Roofing is one of the hardest workers' compensation classes to place in the country. Most standard carriers won't quote roofers at all, and contractors with a high experience modification, prior claims, or steep/high-rise exposure are often left with the state fund as their only option. CPR Business Solutions has specialized in roofing workers' comp since 2009 — including the high-mod and hard-to-place accounts other agents can't move. We place coverage nationwide, with deep experience in California's strict C-39 environment.

Why roofing workers' comp is so hard to place

Roofing falls under WCIRB class code 5552 (Roofing — all kinds) in California, one of the highest-rated construction classes because of fall exposure. Standard carriers limit or decline the class outright, which is why so many roofers end up paying state-fund rates. Common reasons accounts get declined or non-renewed:

  • High experience modification (X-mod) from prior claims

  • Steep-pitch, multi-story, or commercial re-roof exposure

  • Hot-tar, torchdown, or kettle operations

  • Lapses in coverage or new ventures with no loss history

  • 1099 / subcontractor labor questions

How we place roofing accounts other agents can't

As a managing general agency, we work markets that don't sell directly to retail agents, and we know how to package a roofing submission so underwriters say yes. That includes presenting safety programs, fall-protection compliance, and loss-control narratives that reframe a difficult risk. We routinely place:

  • High-X-mod roofers (above 1.25)

  • Accounts coming off the state fund looking for a better rate

  • New roofing ventures with limited or no prior coverage

  • Contractors needing fast certificates to keep jobs moving

California roofing contractors (C-39)

California requires every licensed C-39 roofing contractor to carry workers' comp — even with no employees — under CSLB rules.
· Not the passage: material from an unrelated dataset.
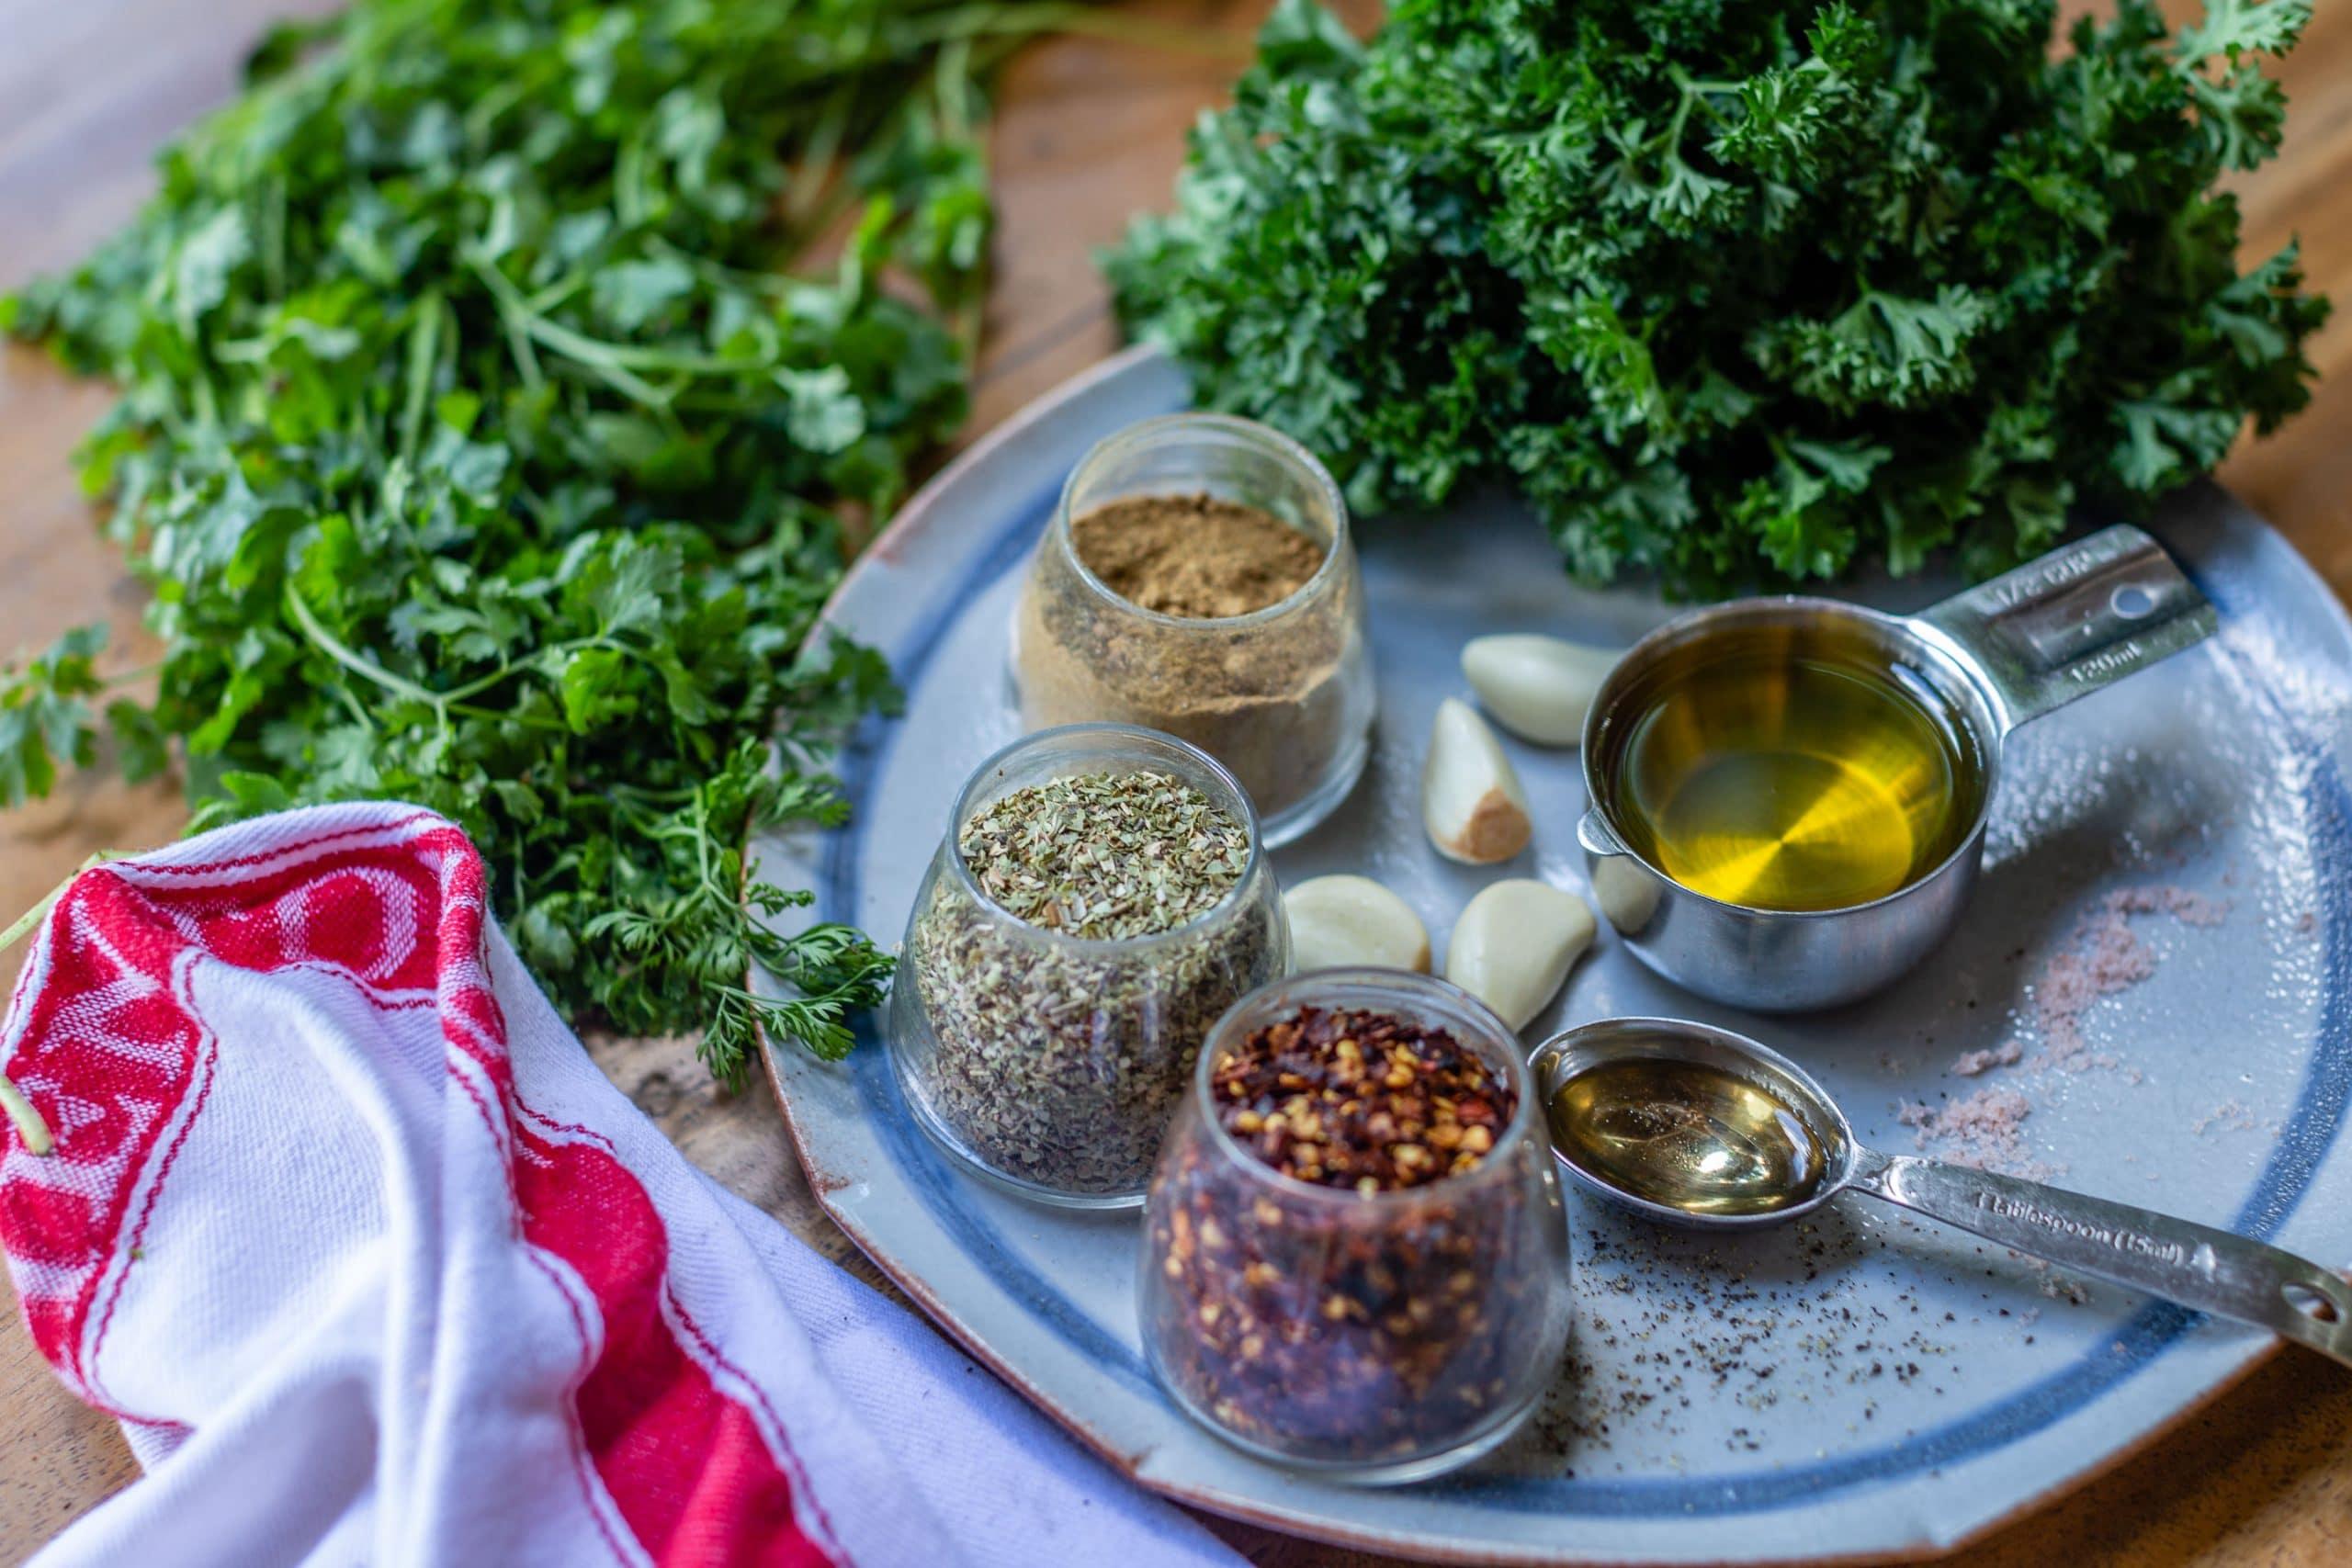 Chimichurri Sauce with Cilantro Ingredients

California also uses dual-wage classifications, splitting roofing into higher- and lower-wage rate tiers based on an hourly-wage threshold that the WCIRB updates each year. Misclassifying payroll across that threshold is one of the most common — and costly — audit problems we fix for California roofers. We make sure your payroll is reported correctly so you're not overpaying or facing a surprise audit bill.

Coverage we arrange

  • Workers' compensation (guaranteed cost and, where eligible, alternatives to the state fund)

  • General liability and contractor's package pairing

  • Certificates of insurance issued fast to keep crews on the job

Why CPR Business Solutions

Workers' comp is all we do. Since 2009 we've focused on the high-hazard, high-mod, hard-to-place classes — roofing chief among them — for contractors across the country. We're not a lead-generation form; we're specialists who actually place the account.

Get a roofing workers' comp quote. Send your submission to proposals@cprbrokers.com or call (704) 256-5945. We respond fast — even on the tough ones.

Roofing class codes: NCCI 5551 and California 5552

Outside California, roofers are rated under NCCI class code 5551 (Roofing — all kinds), one of the highest-rated codes in the country; voluntary-market rates commonly run $25–$45 per $100 of payroll. California uses its own code, WCIRB 5552, with the dual-wage tiers described above. The rate reflects the core hazard: falls. Roofing consistently ranks among the most dangerous occupations tracked by the Bureau of Labor Statistics, with fatality rates several times the national average — which is why most standard carriers won't touch the class.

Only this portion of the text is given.